■ DATASET EXTRACT
*** Begin section ***

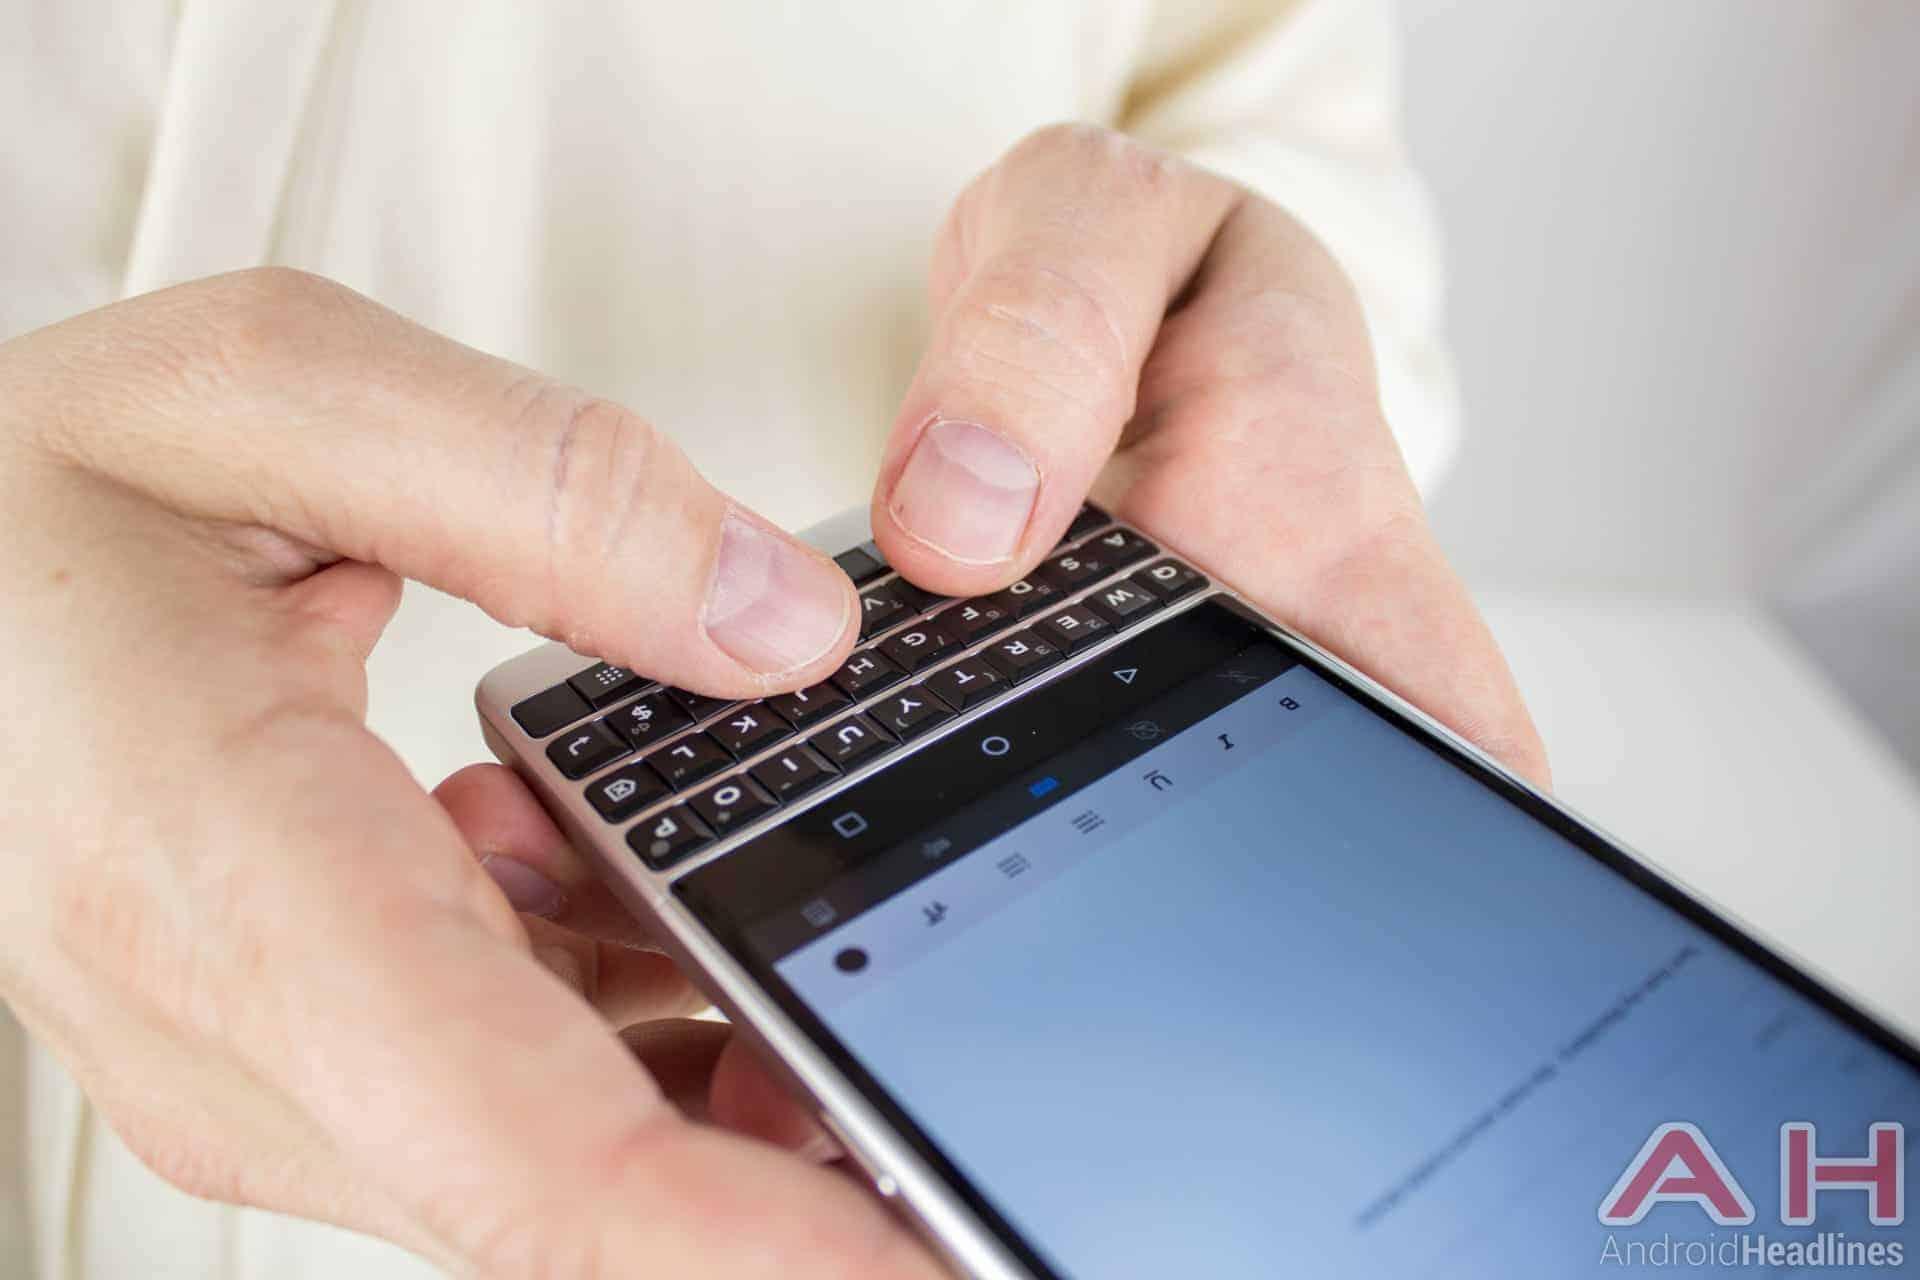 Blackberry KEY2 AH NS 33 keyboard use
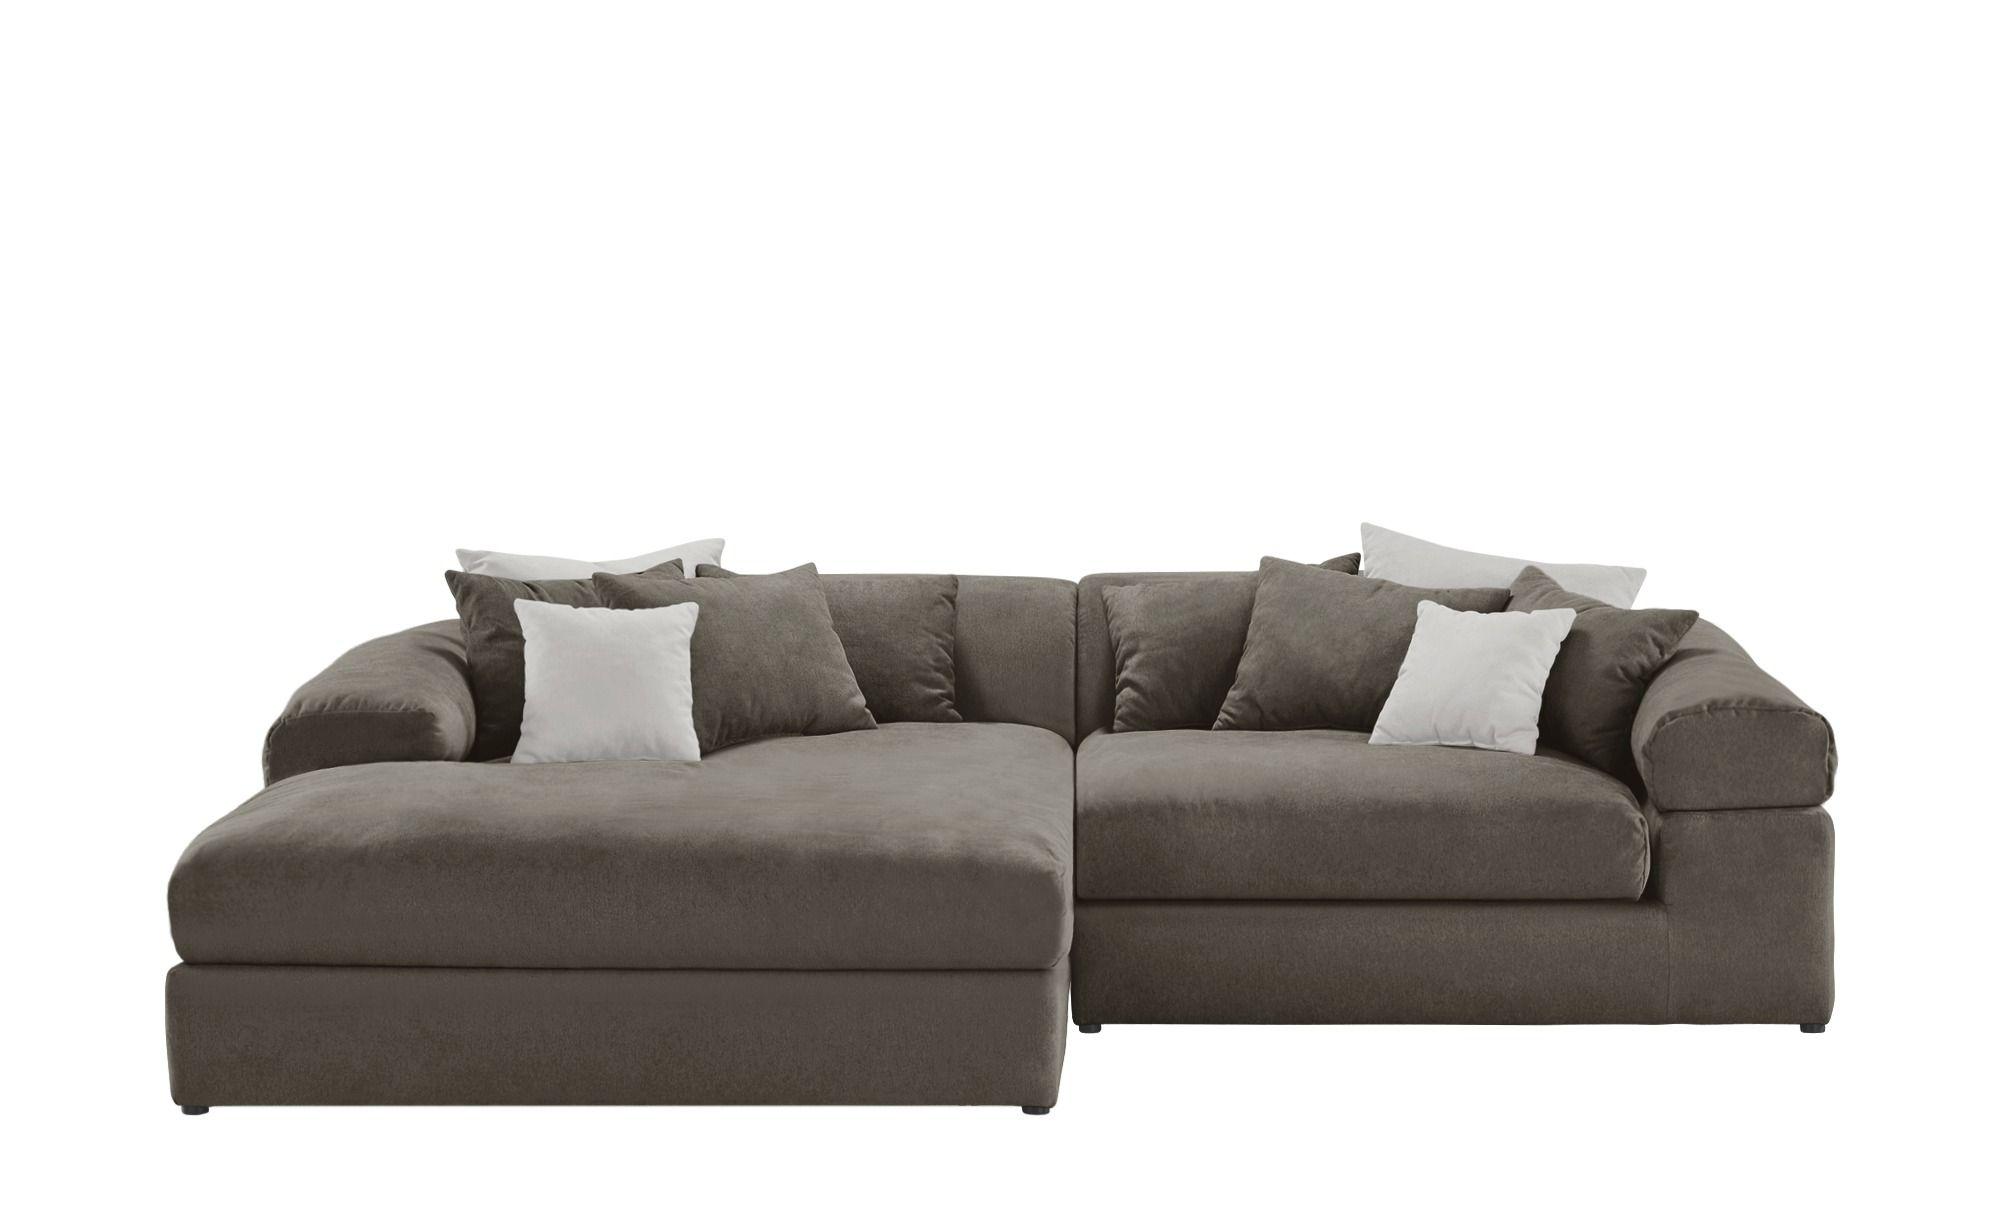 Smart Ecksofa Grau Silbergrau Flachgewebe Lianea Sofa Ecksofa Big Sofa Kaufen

*** End section ***
*** Begin section ***

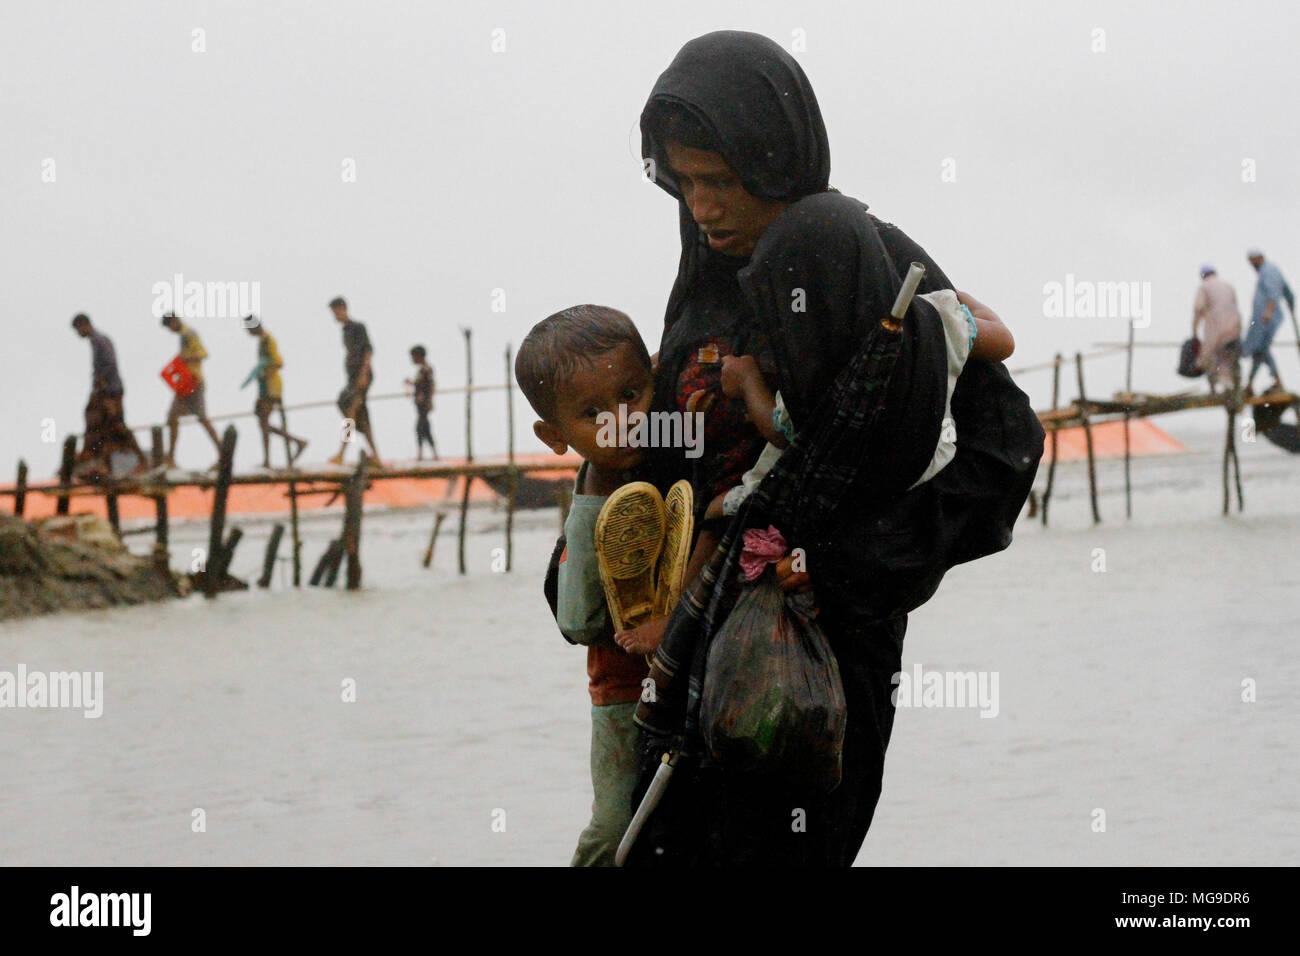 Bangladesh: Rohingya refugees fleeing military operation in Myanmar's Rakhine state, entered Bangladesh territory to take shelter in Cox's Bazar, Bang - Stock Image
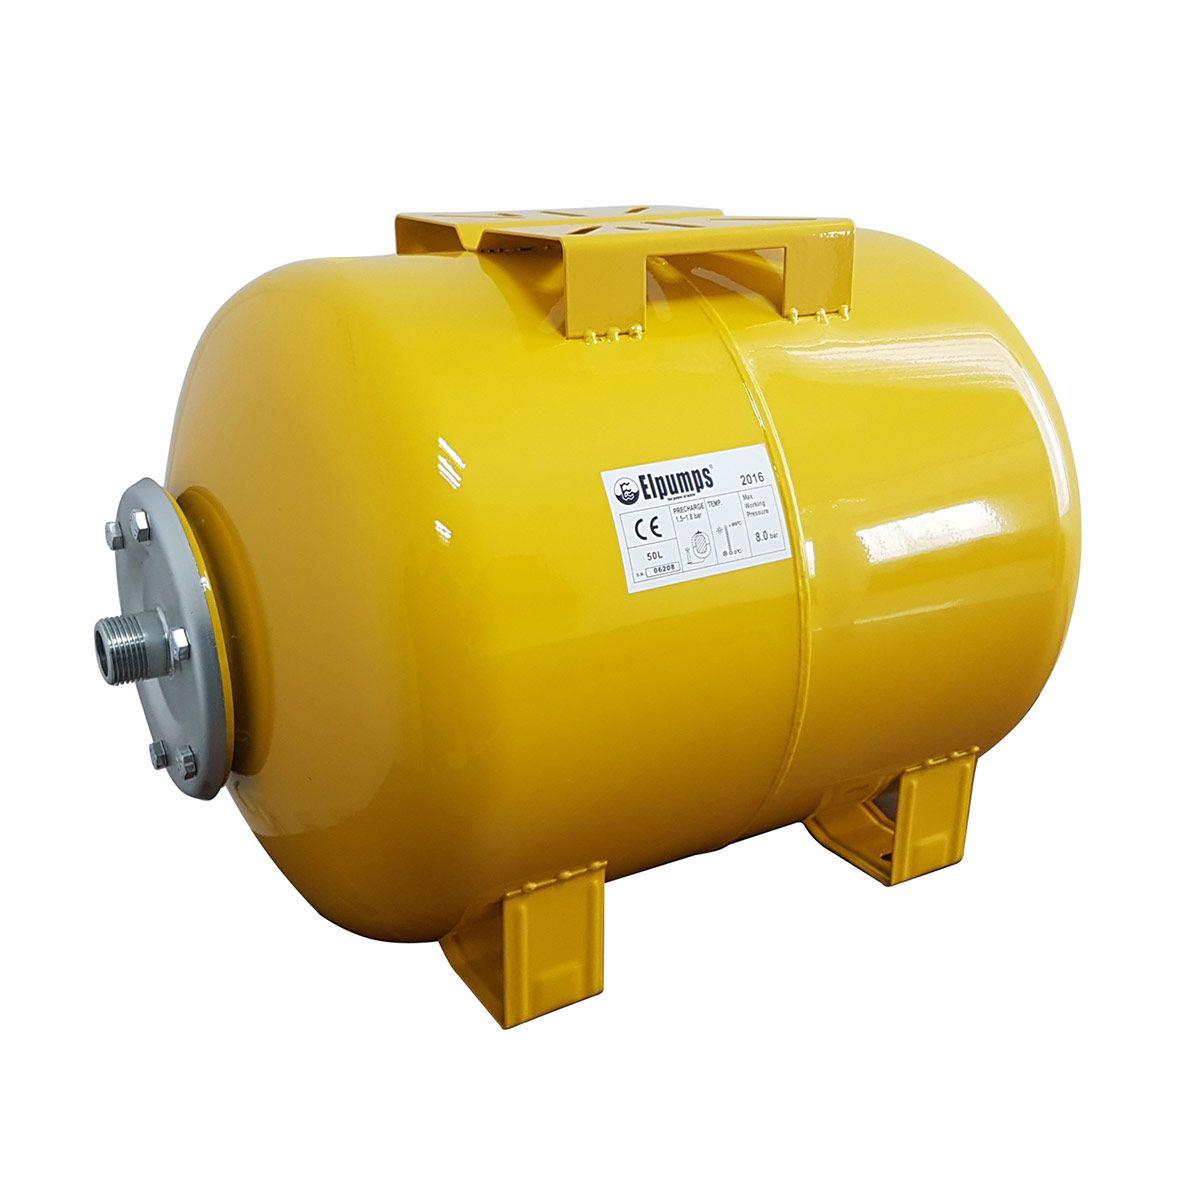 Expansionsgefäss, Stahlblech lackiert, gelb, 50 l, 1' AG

*** End section ***

■ HOW TO COMPLETE THIS TASK
Taking the material above, give again exactly the lines from the one holding "Blackberry KEY2 AH NS 33 keyboard use" through the one holding "Smart Ecksofa Grau", with both ends and without pictures.

■ ANSWER TO THE EXERCISE
 Blackberry KEY2 AH NS 33 keyboard use
 Smart Ecksofa Grau Silbergrau Flachgewebe Lianea Sofa Ecksofa Big Sofa Kaufen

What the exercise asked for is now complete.